The Museum of Turkish and Islamic Arts, which is home to the world’s most extensive collection of carpets, houses a total of forty thousand pieces in a very central area of Istanbul.
The museum was first opened in the Süleymaniye Mosque Complex in 1914 as the “Evkaf-ı İslâmiye Müzesi” (The Islamic Foundations Museum). During the Republican period, the name of the museum was changed to the “Museum of Turkish and Islamic Arts”. It was moved to the Ibrahim Paşa Palace in Sultanahmet in 1983.
Originally, the Sultan Süleyman the Lawgiver offered this palace, which dates from the 16th Century, as a gift to the Grand Vizier Ibrahim Pasha. After Ibrahim Pasha’s death, it continued to be used as a place of residence for grand viziers, ambassadors, and other high officials.
In spite of the fact that most civil and government buildings during the Ottoman period were made of wood, the Ibrahim Paşa Palace was built with stone, and, therefore, has remained in excellent condition up to the present day. Today, the building’s “ceremony room” and “second court” are used to house the museum’s collection.
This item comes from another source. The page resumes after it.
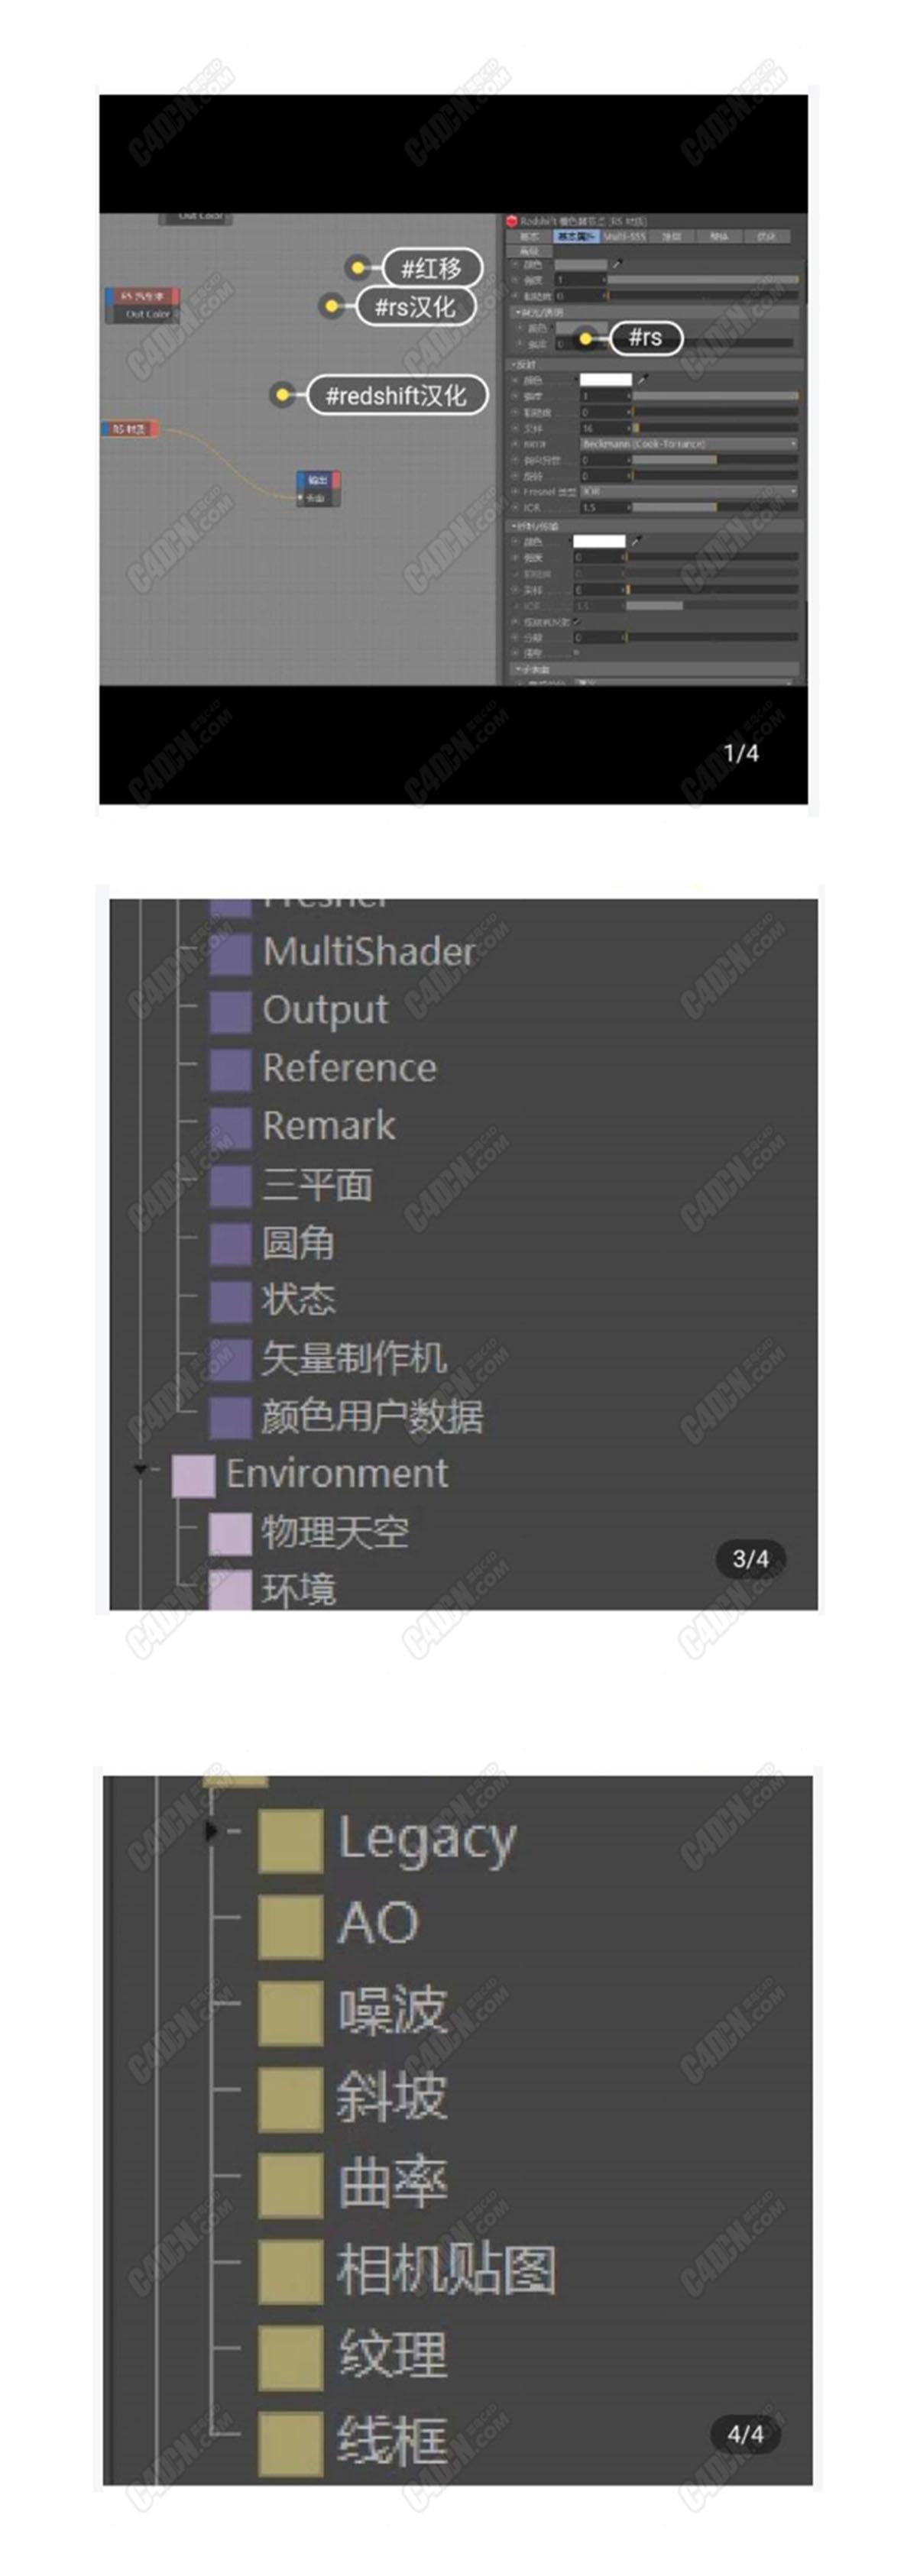 (RS红移渲染器) for C4D v2.6.41节点汉化文件

Handwritten Qurans, epigraphs, hand-woven carpets and rugs
The museum, which houses the richest collection of carpets in the world, has a large number of particularly striking carpets from the Seljuk Empire¸ the most important Turkish state prior to the Ottoman Empire. Rugs that were produced in Anatolia during the 15th, 16th, and 17th centuries, are typically ornamented with geometric figures, Kufic designs, and animals, and are among the most valuable items in this section. Here, you also find exquisite rugs from Iran and the Caucasus.
Hand-written Qurans and hand-written decrees, acquittals, and monograms from Ottoman Sultans are also to be found in the museum’s collection.
In the museum’s “Wooden Artifacts Section”, you can examine artifacts that date from Anatolia in the 9th and 10th centuries, as well as wooden artwork embellished with mother-of-pearl and ivory from Ottoman times.
There are also many stone artifacts on display in the museum. Some of the most fascinating stone items are the tombstones from the Seljuk era, which represent a branch of calligraphy quite different from the Ottoman version. Hunting scenes and mythological creatures such as gryphons and dragons are often featured on these tombstones.
The Turkish and Islamic Arts Museum is open from 9:00 a.m. to 5:00 p.m. on every day of the week except for Monday. The entry fee is 10 TRY.